With formal legalization still several months away, a Sudbury area man has gotten a head start, operating a marijuana dispensary on Wahnapitae First Nation near Capreol.
Chadwick Mcgregor says he and his girlfriend bought an office trailer and opened First Nations Medicinal in September.
Business has been brisk, he said. They sell to both recreational and medicinal pot users, but most who visit the business are recreational users. The couple get their supply from licensed growers, he added.
"We have a wide range (of customers) right now,” Mcgregor said. “We are doing a lot of recreational (sales) ... but we have a wide range — people from 19 all the way to 70 years old."

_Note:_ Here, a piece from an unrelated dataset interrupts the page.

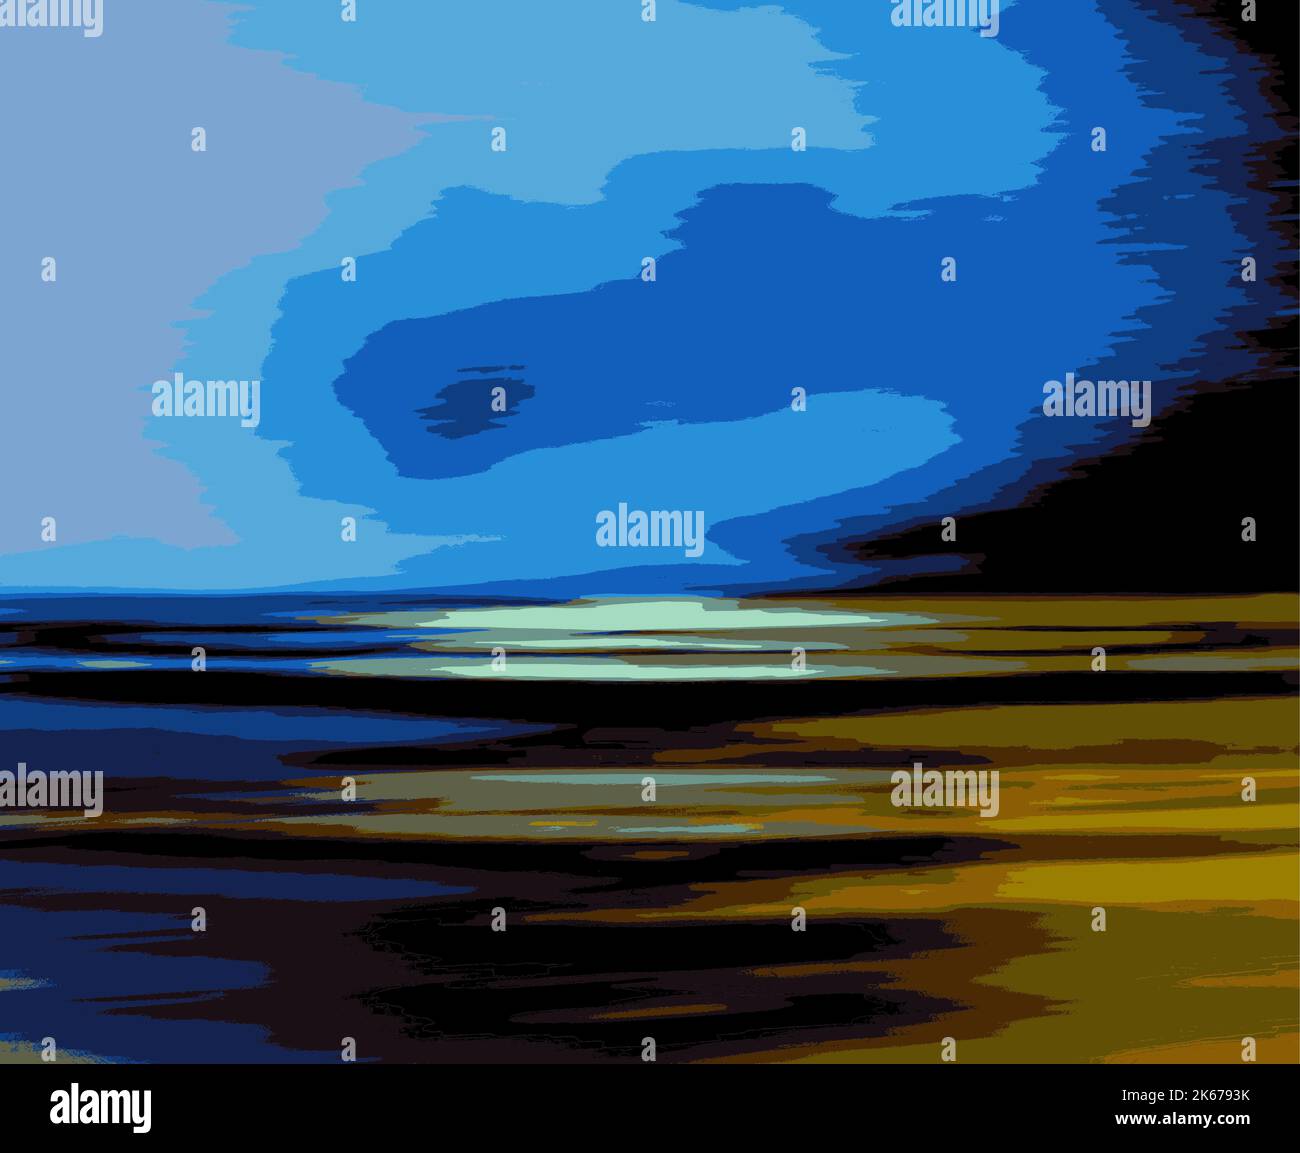 Abstrakte Landschaftskunst Illustration mit Strand, Himmelswolken und Ozeanvektor - Blaue Farben Stock Vektor

They offer 20 different strains of cannabis, as well as a range of candy edibles. Mcgregor said he had been a “prohibition grower” of pot for about 17 years. But he had personal addiction issues and became a victim of the opioid crisis that is sweeping North America.
"I went on methadone for opiate addiction when I was addicted to pills,” he said. “I got back into growing when I was going through the methadone program.
"Cannabis helped me get through the withdrawal symptoms. It helped me get through the whole program and complete it and get off of it completely. Since that time, I've gotten off all other prescriptions, as well — anti-depressants, anti-anxiety pills, stuff like that."
With no local dispensaries, Mcgregor visited ones down south. That got him thinking that medicinal users in the North should have a way to get their medicine without having to wait for it through the mail.
"I saw a need for it up here,” he said. “There was no place where someone could get it that day. There were people out there in need who could not get their medicine that day when they required it. There was a need for it here in the Sudbury area."
When pot becomes legal across the country next year, he said they want to start charging recreational users a bit more to lower the prices for medicinal users. But all the prices are the same right now.
"There's not any way for them to pay for the medicine — there's no (drug plan) coverage or anything like that," Mcgregor said. "The government is planning to do recreational, so that's what we're going to do to help out (medicinal users.)"
While still illegal under Canadian law, Mcgregor said it's legal for First Nations to operate dispensaries.
"I believe I'm operating legally," he said. "I believe I'm operating under United Nations treaty rights that gives me the protection to do what I'm doing."
He has been open with the local Anishinabek Police Service, he said, who have visited his shop.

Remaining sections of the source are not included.